The world last week commemorated the 50th anniversary of allegedly the most important event in the history of popular music: Elvis Presley's recording of It's All Right Mama. But in fact, it was a turning point around which the history of music didn't turn.
For Presley didn't, at that point, change the musical world. That was done by Bill Haley, not in 1954, but in 1956. Along with 1963 - the year of the Beatles, Vietnam, JFK - and 1989, the fall of the Berlin wall - 1956 was one of the three most important years in the second half of the 20th century.
It was the last year of British imperial muscle, floundering in the criminality of Suez, and the US became the formal leader of the English-speaking world. It was the year that the Soviet Union learnt in Hungary that it could do whatever it liked in its empire. In Ireland, it was the year - once again - the IRA reverted to its traditions of idiotic, pagan savagery. And it was the year that Bill Haley's Rock Around the Clock (from the previous year's film, Blackboard Jungle) swept the world.
According to The Guinness Book of British Hit Singles, in 1955 all number one records were ballads - Softly, Softly, Stranger in Paradise, Dreamboat, Finger of Suspicion and so on - the sole exception being the trumpeter Eddie Calvert and his virtuous Cherry Pink and Apple Blossom White. All blameless, sugary stuff, as appealing to teenagers as to pensioners.

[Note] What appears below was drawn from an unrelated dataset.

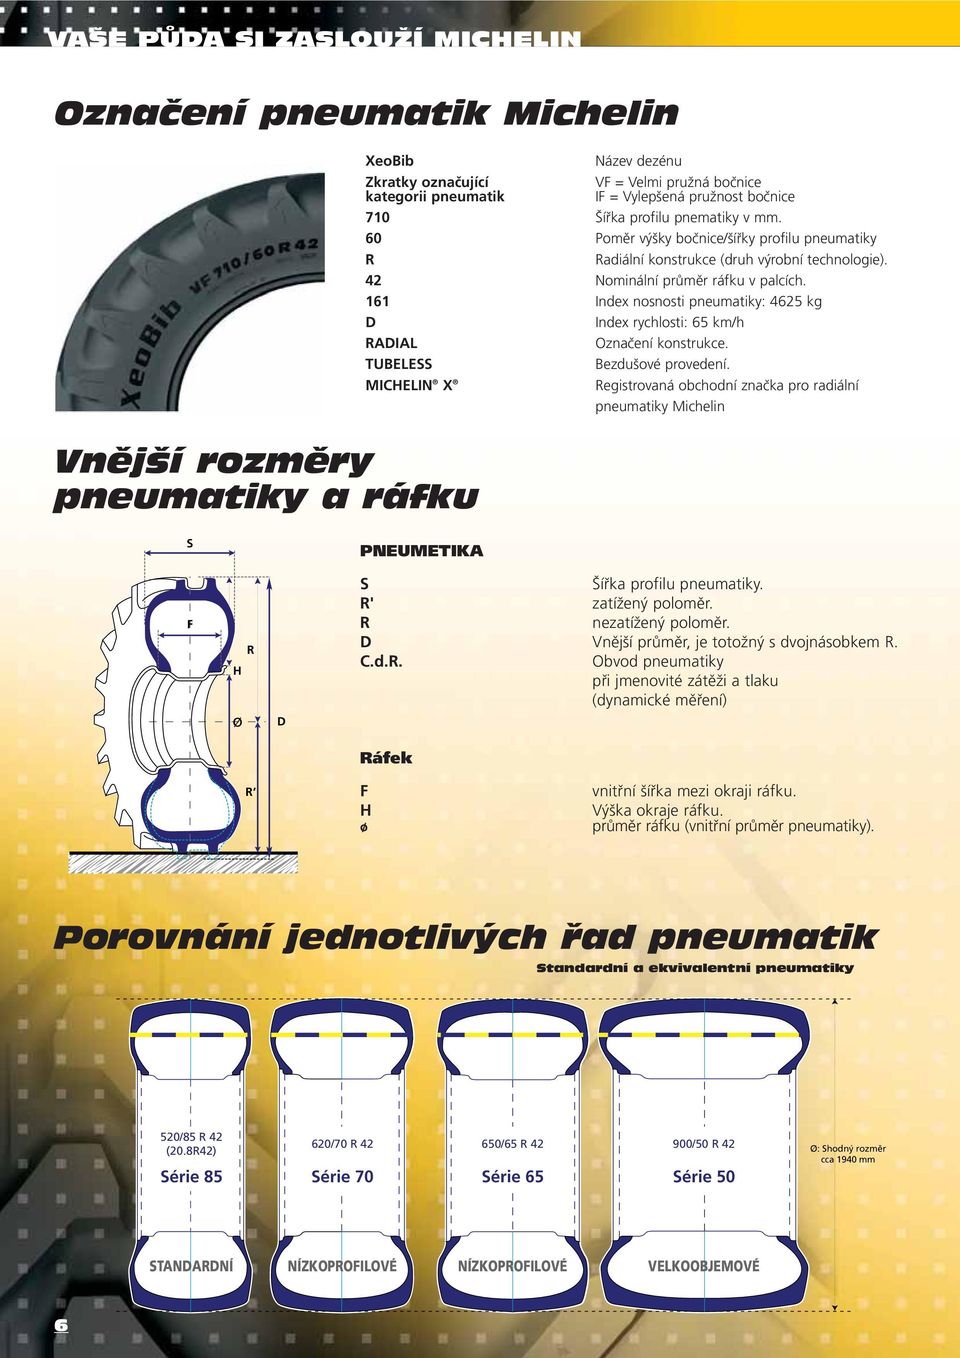 161 Index nosnosti pneumatiky: 4625 kg D Index rychlosti: 65 km/h RADIAL Označení konstrukce. TUBELESS Bezdušové provedení.

The subversiveness of rock and roll still utterly unknown, unsuspected: then in November 1955, Bill Haley's Rock Around the Clock arrived.
That was the icebreaker smashing its way through the sheet-ice of popular song-forms which had remained largely unchanged since the emergence of the music-hall in the previous century. Other Haley numbers followed - most famously, See You Later Alligator. Then, in May 1956, Elvis's Heartbreak Hotel entered the charts, and he dominated the rest of the year with - amongst other rock classics - Blue Suede Shoes and Hound Dog. By now, the very status of "youth" had dramatically changed. The name, "Frankie Lymon and the Teenagers" would have been risible even a few months before: in 1956, they reached number one with Why Do Fools Fall In Love?" Their next hit, I'm Not A Juvenile Delinquent, spoke of the other phenomenon of the time: not just crime, but of an informal youth movement of dissent and non-conformity. In Britain, the teddy-boys - drain-pipe trousers, big-shouldered jackets, quiffed hair, and maybe a long-handled razor-blade - wrecked cinemas. In Dublin the Ugly Gang surfaced around Gardiner Street, and was promptly hammered into the ground by the legendary garda, Lugs Brannigan.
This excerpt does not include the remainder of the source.